PV-10 is derived from the Standardized Measure of discounted future net cash flows, which is the most directly comparable GAAP financial measure. PV-10 is a computation of the Standardized Measure of discounted future net cash flows on a pre-tax basis. PV-10 is equal to the Standardized Measure of discounted future net cash flows at the applicable date, before deducting future income taxes, discounted at 10 percent. We believe that the presentation of PV-10 is relevant and useful to investors because it presents the discounted future net cash flows attributable to our estimated net proved reserves prior to taking into account future corporate income taxes, and it is a useful measure for evaluating the relative monetary significance of our oil and natural gas properties. Further, investors may utilize the measure as a basis for comparison of the relative size and value of our reserves to other companies. We use this measure when assessing the potential return on investment related to our oil and natural gas properties. PV-10, however, is not a substitute for the Standardized Measure of discounted future net cash flows. Our PV-10 measure and the Standardized Measure of discounted future net cash flows do not purport to represent the fair value of our oil and natural gas reserves.

 
SEC PV-10 and Standardized Measure as of December 31, 2015 ($mm)
 
PV-10 $470
Present value of future income taxes discounted at 10% (5)
Standardized measure     465
 

EBITDAX is a supplemental non-GAAP financial measure that is used by management and external users of our consolidated financial statements, such as industry analysts, investors, lenders and rating agencies.

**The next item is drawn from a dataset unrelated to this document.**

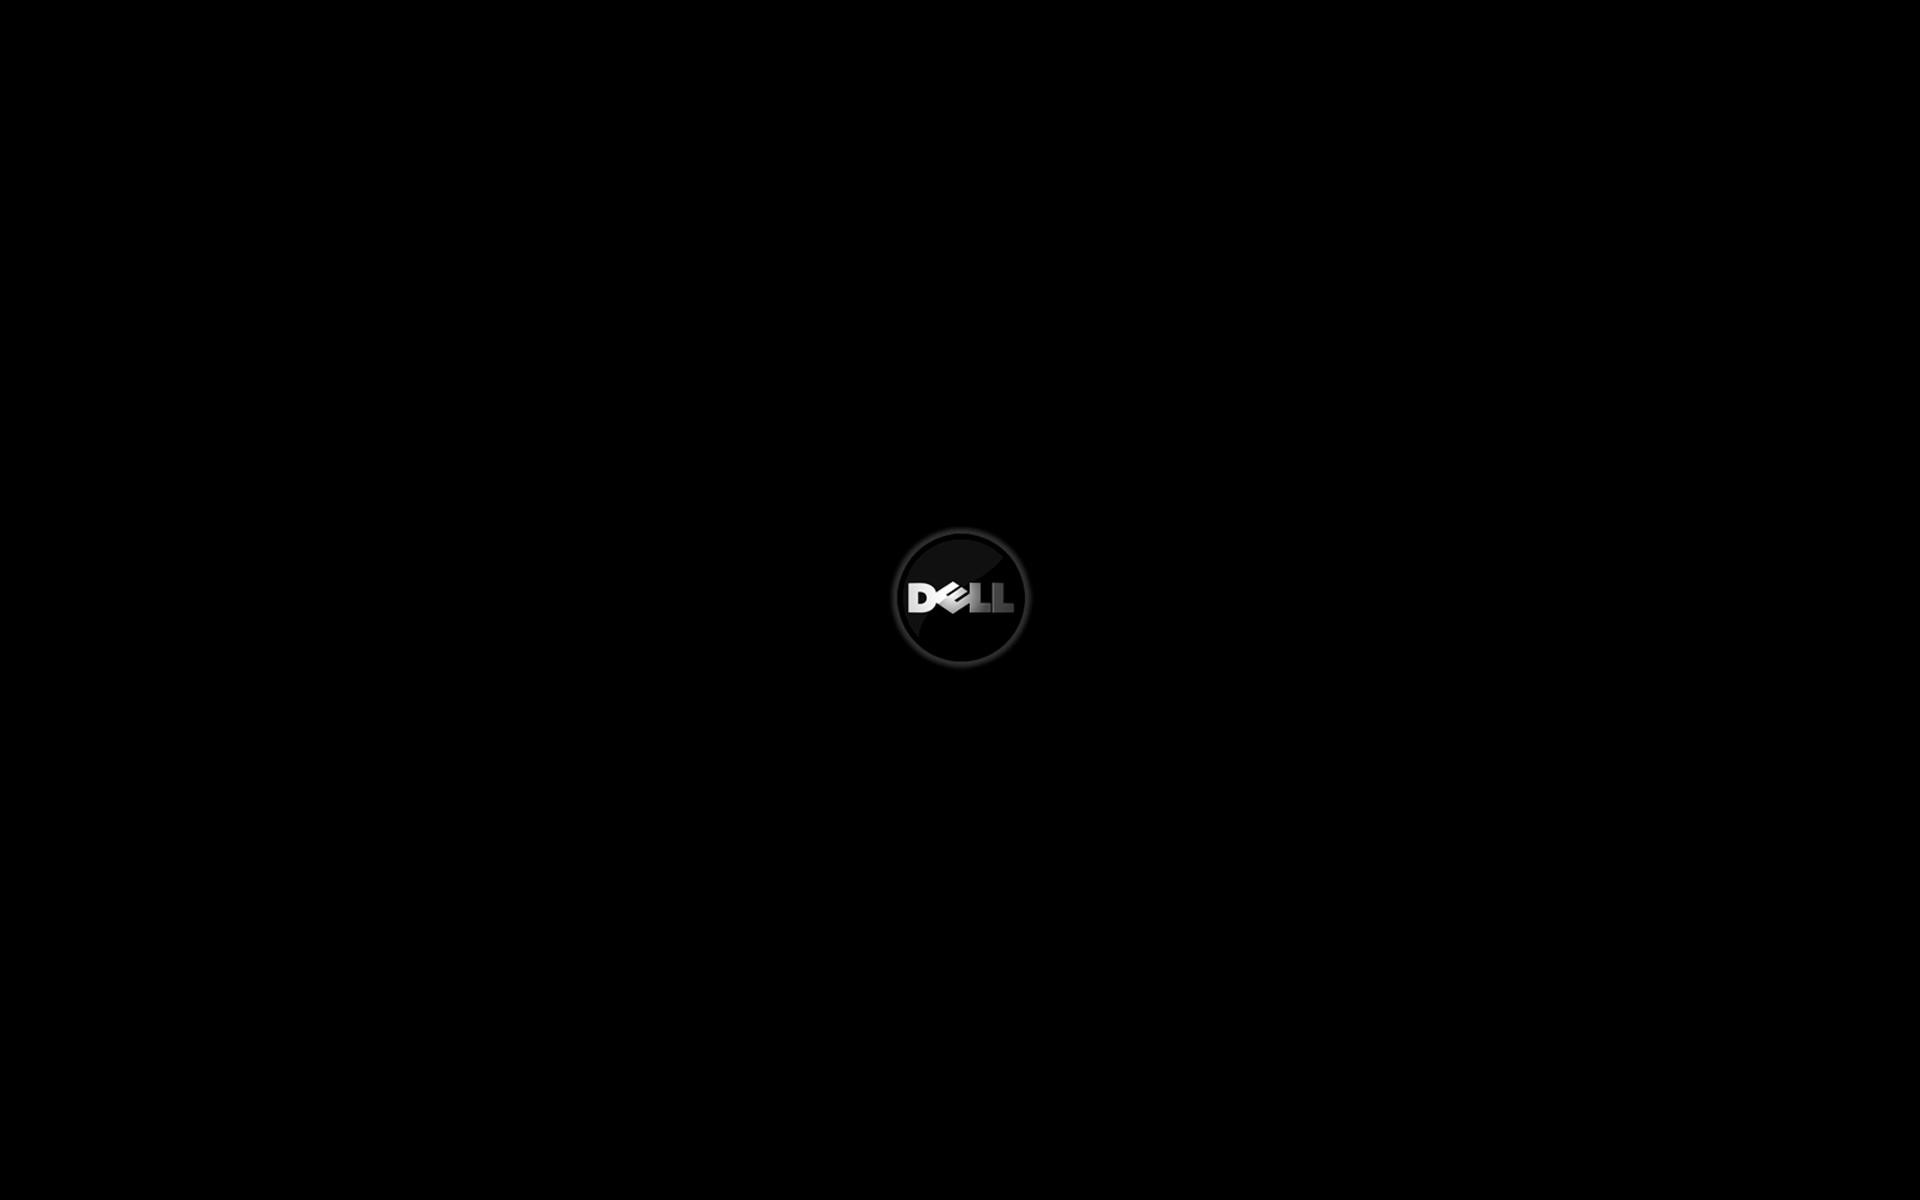 Dell Desktop Background Wallpapertag

We define EBITDAX as earnings before interest expense, income taxes, depreciation, depletion and amortization, exploration expense, gains and losses from derivatives less the current period settlements of matured derivative contracts and the other items. EBITDAX is not a measure of net income as determined by GAAP. Management believes EBITDAX is useful because it allows them to more effectively evaluate our operating performance and compare the results of our operations from period to period and against our peers without regard to our financing methods or capital structure. We exclude the items listed above from net income in arriving at EBITDAX because these amounts can vary substantially from company to company within our industry depending upon accounting methods and book values of assets, capital structures and the method by which the assets were acquired. EBITDAX has limitations as an analytical tool and should not be considered as an alternative to, or more meaningful than, net income as determined in accordance with GAAP or as an indicator of our liquidity. Certain items excluded from EBITDAX are significant components in understanding and assessing a company’s financial performance, such as a company’s cost of capital and tax structure, as well as the historical costs of depreciable assets. Our presentation of EBITDAX should not be construed as an inference that our results will be unaffected by unusual or non-recurring items and should not be viewed as a substitute for GAAP. Our computations of EBITDAX may not be comparable to other similarly titled measures of other companies. The Company expects to release its December 31, 2015 net income with year-end earnings results.